Но горечь все-таки таилась в нем, и это она нашла первые слова, которые медленно и тяжело слетели с его языка:

— Когда тренер выводит на беговую дорожку лошадь и на нее вскакивает жокей, и она потом мчится среди других по кругу, то всем видна, конечно, ее борьба… Но вот она выдвинулась вперед на голову, на корпус, на десять, на двадцать корпусов и, наконец, рвет ленту, приходит первой, — то это ведь бесспорно, это явно для всех, это — торжество и лошади, и жокея, и тренера, и хозяина конюшни: работа их не пропала даром!.. Никаких кривотолков при этом быть не может: ясно, как солнце… А картина…

— Поймут, все поймут! — горячо перебила его Надя, совершенно непосредственно дотронувшись до его руки своею. — Как можно этого не оценить сразу, с первого взгляда!

— Это вы, может быть, потому так говорите, что сами занимаетесь живописью, а? — вдруг возникла в нем неприятная почему-то ему догадка, но она возразила с большой живостью:

— Я? Нет, что вы!
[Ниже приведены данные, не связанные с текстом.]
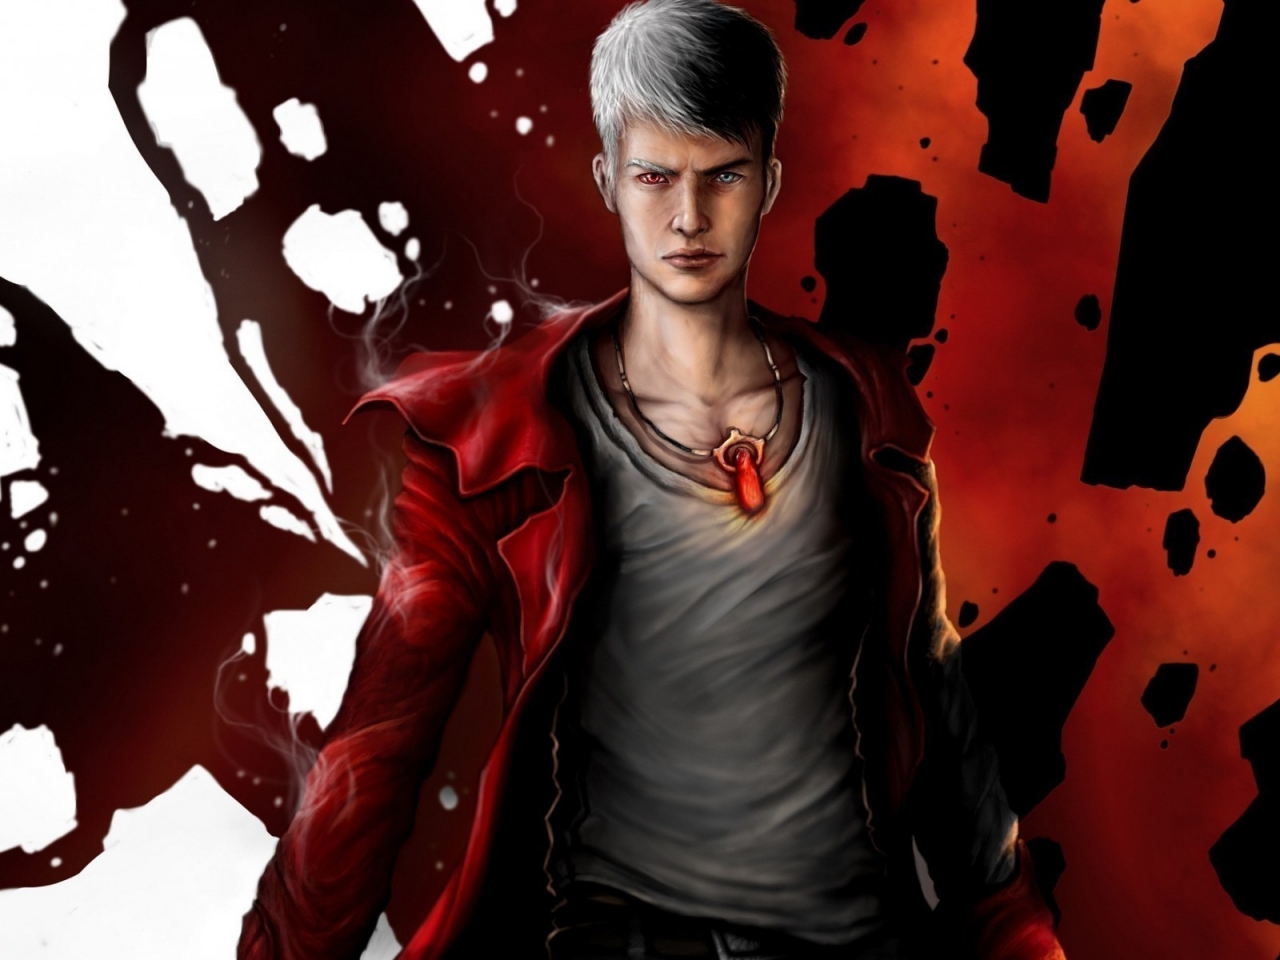 Dante from Devil May Cry for 1280 x 960 resolution

Рисовала, конечно, на уроках, в гимназии карандашом, как все, с гипсовых фигур, а красками — нет! Только завидовала этому, а сама не решалась.

Ему хотелось спросить, что же именно так понравилось, так тронуло ее в картине, но он вспомнил, что слышал у Кунов и что расстроило его на весь остаток вчерашнего дня, и спросил:

— Продаются уже телеграммы?

— Какие телеграммы? — удивилась она.

— Значит, не выпущены еще? Впрочем, пожалуй, и действительно еще рано.

— О чем телеграммы? Что-нибудь случилось?

Он наблюдал, как она глядела теперь встревоженно ожидающими, совершенно круглыми глазами, в которых не осталось вдруг и тени слез.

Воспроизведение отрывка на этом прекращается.